RECORD EXTRACTS
•••••

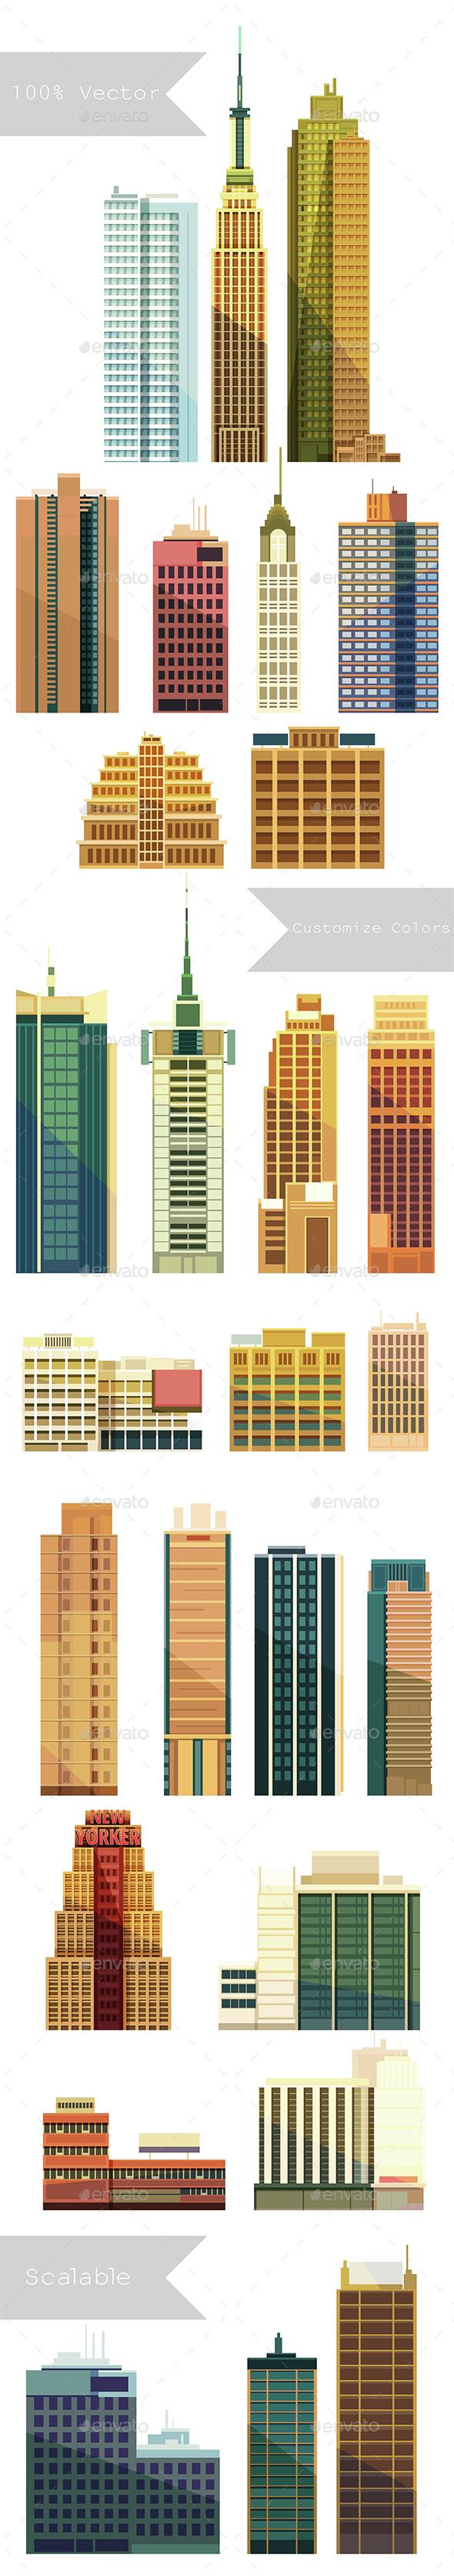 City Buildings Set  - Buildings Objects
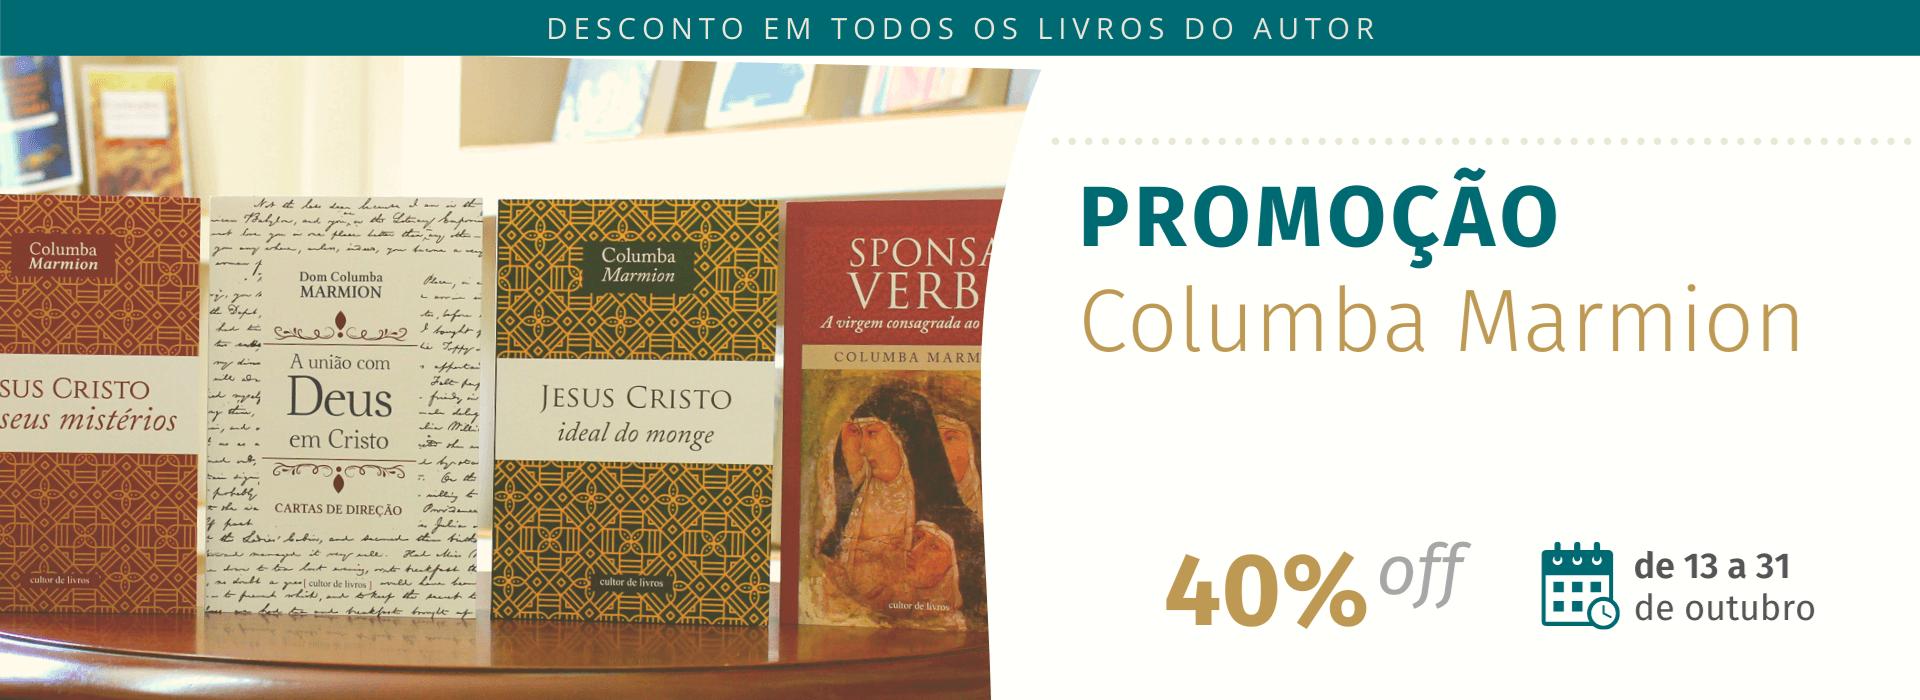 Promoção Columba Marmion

•••••

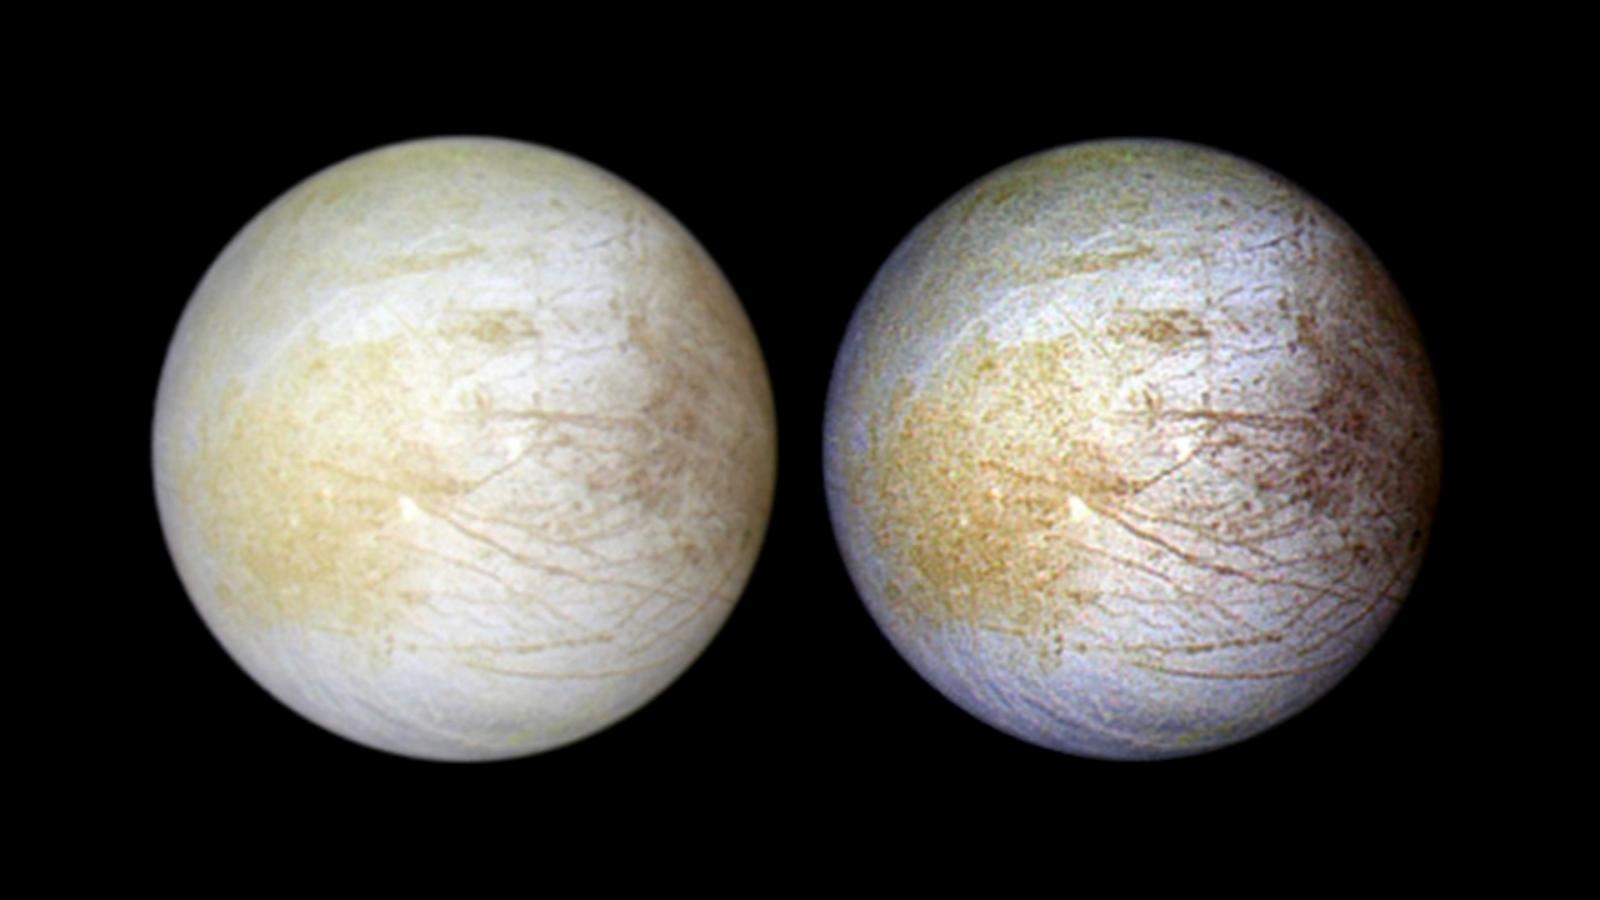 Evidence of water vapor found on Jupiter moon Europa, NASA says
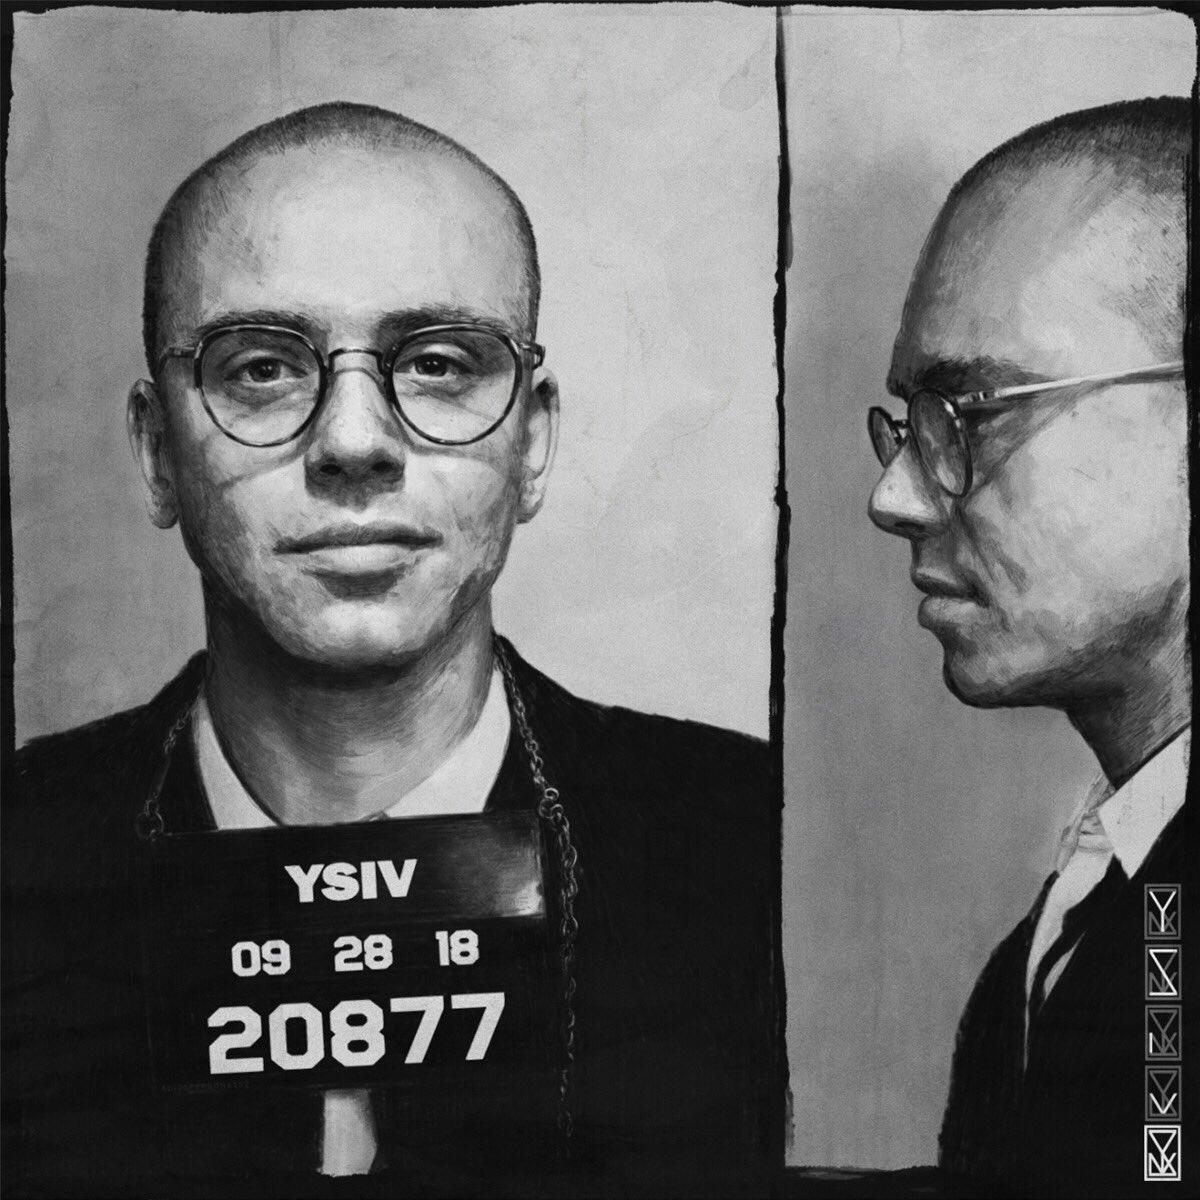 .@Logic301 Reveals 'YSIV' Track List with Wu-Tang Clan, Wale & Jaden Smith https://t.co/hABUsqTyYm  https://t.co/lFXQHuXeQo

•••••

YOUR OBJECTIVE
Only one stretch of the listing is wanted: the lines starting at the one with "Evidence of water" and ending at the one with "Reveals 'YSIV' Track", copied exactly and free of pictures.

SOLUTION
 Evidence of water vapor found on Jupiter moon Europa, NASA says
 .@Logic301 Reveals 'YSIV' Track List with Wu-Tang Clan, Wale & Jaden Smith https://t.co/hABUsqTyYm  https://t.co/lFXQHuXeQo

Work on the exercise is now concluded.